Women often undergo carrier screening via blood test or cheek swab either before getting pregnant or during the first trimester. This is usually screening for carrier status for autosomal recessive disorders. You will often have the option of screening for chromosome disorders during the first trimester via fetal ultrasound and a blood test, usually when you are between 11 and 13 weeks pregnant.

During the second trimester, at around 18 to 20 weeks, women typically undergo another ultrasound scan to check for major physical defects. Regardless of whether you undergo any of the earlier screening options, this ultrasound is recommended. All of these tests will help determine the risk for certain genetic birth defects and disorders.

If you prefer not to opt for the first trimester screening or your provider counsels you against it due to certain risk factors, you can choose a prenatal cell-free DNA screening for your first- and second-trimester screenings. This involves a blood test (taken from the mother) that looks at fetal DNA in the mother’s blood and chromosome imbalances in the fetus itself. This kind of screening can be done from 10 weeks on.

Based on the results of whichever screening test(s) you choose, a risk number is assigned to each possible disorder, which helps determine whether diagnostic tests should be run. If you and your partner are both carriers for a particular gene for a disorder, there is a 25 percent chance that your child will be born with that condition.

Diagnostic tests, such as chorionic villus sampling and amniocentesis, are done on cells from the fetus or placenta, and can determine if your baby actually has a disorder that may have been indicated in a screening test. These are most often given if a screening test indicates the fetus is at risk for a disorder, though any woman can request them.

Chorionic villus sampling is performed during the first trimester to determine whether the fetus has 46 chromosomes, the normal number. This test will determine if your child will have certain birth defects or other genetic conditions. Amniocentesis is most often performed between weeks 15 and 20 of pregnancy, though there are some cases when it’s done earlier or later. Amniocentesis can also determine whether the fetus has 46 chromosomes, the normal number. Both tests can also determine if the fetus is affected with an autosomal recessive disorder for which both parents are carriers. Amniocentesis can also detect open neural tube defects, such as spina bifida.

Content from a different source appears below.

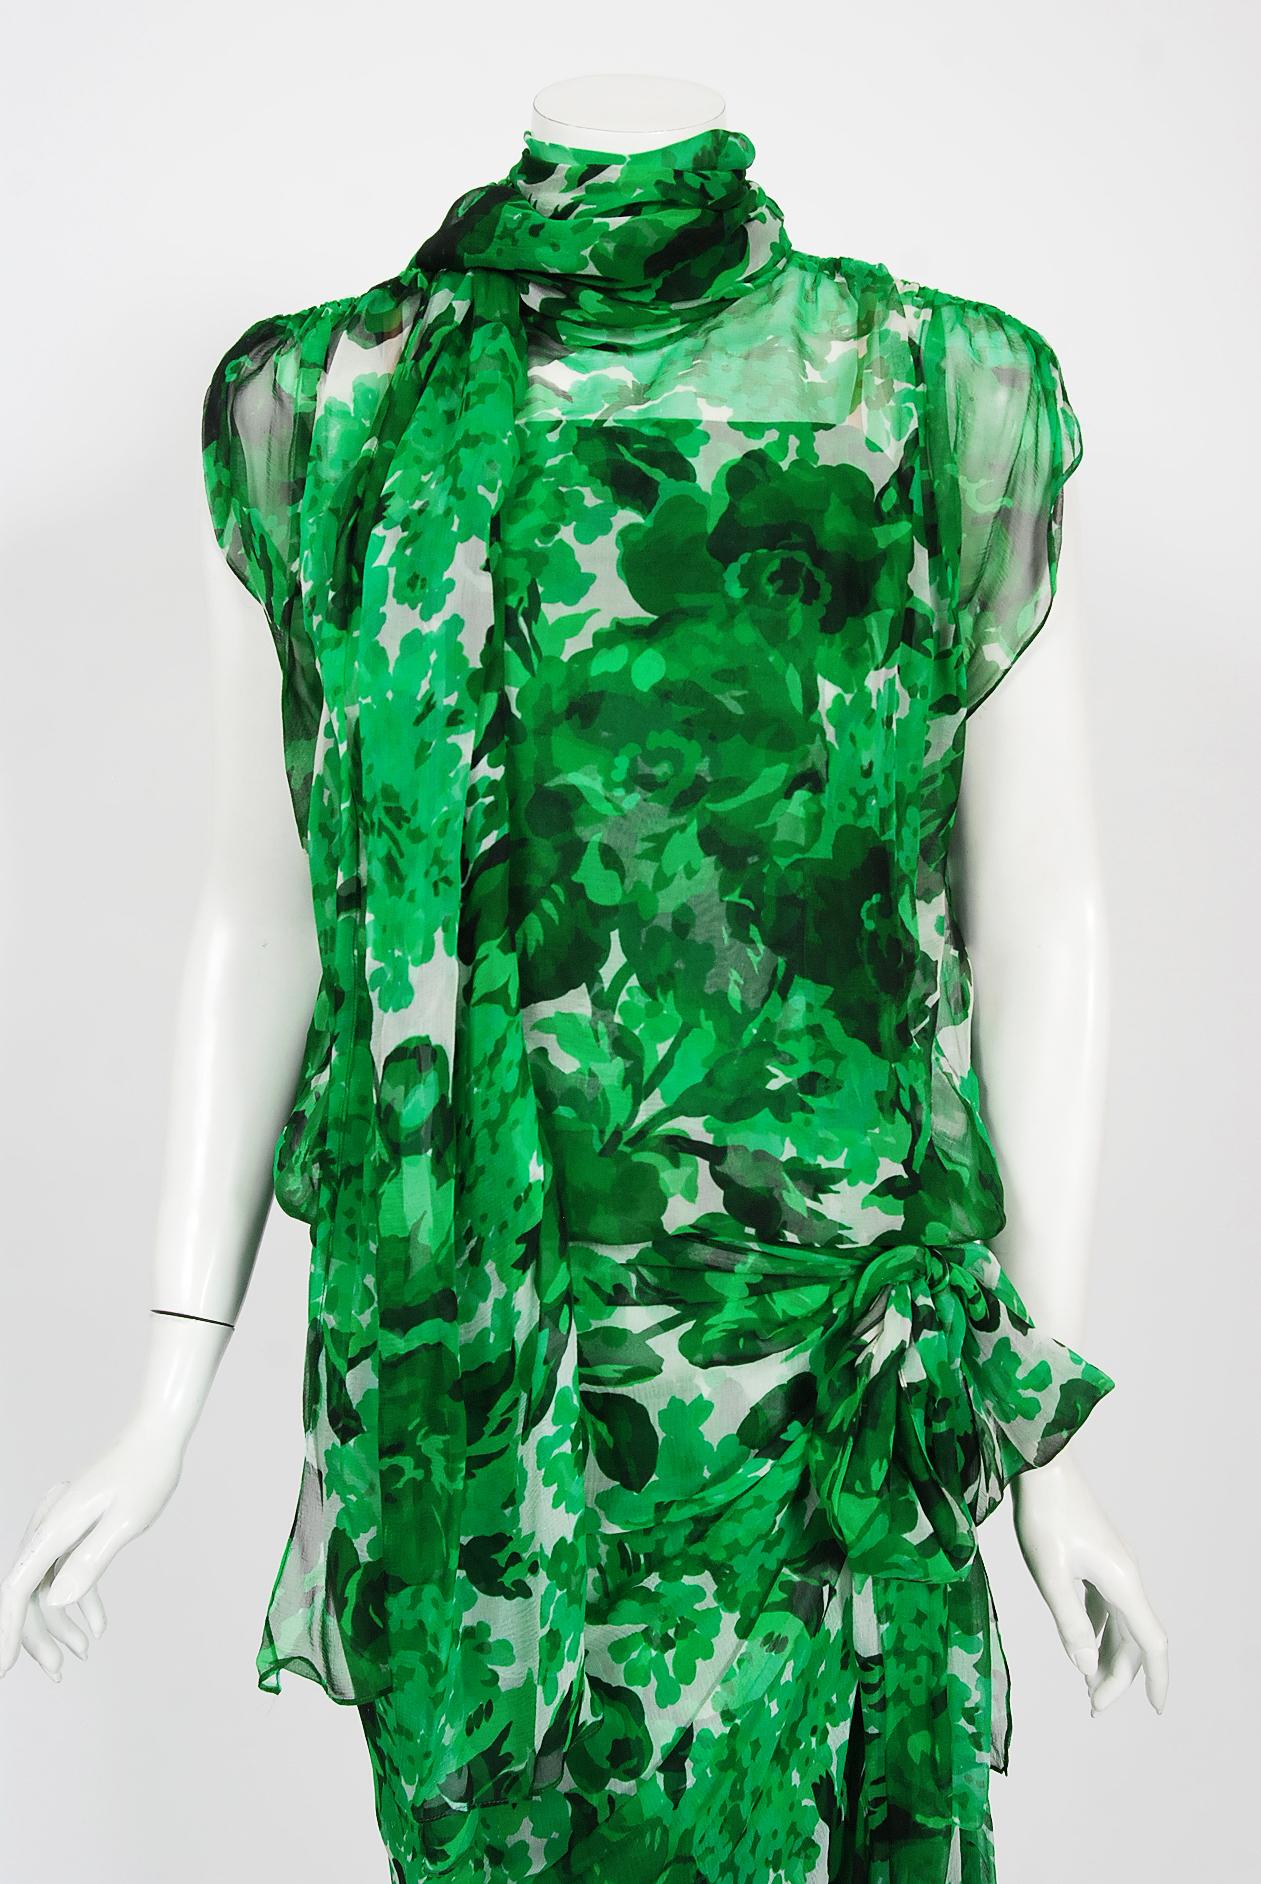 Ein wunderschönes smaragdgrünes, geblümtes Chiffonkleid aus Seide von Givenchy aus der Frühjahr/Sommer-Kollektion 1992. Givenchy, schon der Name steht für Glamour, raffinierte Eleganz, Schlichtheit und Stil. Sein Markenzeichen, die fließenden Linien

Both of these diagnostic tests are invasive outpatient procedures and carry a small risk for miscarriage (less than one in 900 for both procedures). Your doctor can provide more details should these be something you choose to pursue.

Who Should Be Tested

While screening is optional, you may want to seriously consider it if you are a member of certain racial/ethnic groups that are genetically at higher risk for certain disorders:

  • Those of European Caucasian descent (cystic fibrosis)\
  • Those of Ashkenazi Jewish descent (cystic fibrosis and Tay-Sachs)
  • African-Americans (sickle cell disease and thalassemia)
  • Those of Mediterranean descent (sickle cell disease and thalassemia)
  • Those of Southeast Asian descent (thalassemia)
  • French Canadians (cystic fibrosis and Tay-Sachs)
  • Women of advanced maternal age (Down syndrome)

The Role of a Genetic Counselor

If tests indicate that your baby is at high risk for or has a condition or birth defect, you will likely be referred to a genetic counselor, who can help you and your partner make decisions about a pregnancy. The counselor will explain what the results mean, what each disorder is, and what to expect if your baby has a particular condition. Genetic counselors can also help you make decisions about when additional testing will be done (during or after the pregnancy). If testing indicates a problem, the genetic counselor can become an important part of your pregnancy team.

While genetic disorders and birth defects aren’t typical, they do happen. By getting screened early, you can better prepare, and in some cases, even help your baby have a healthier future.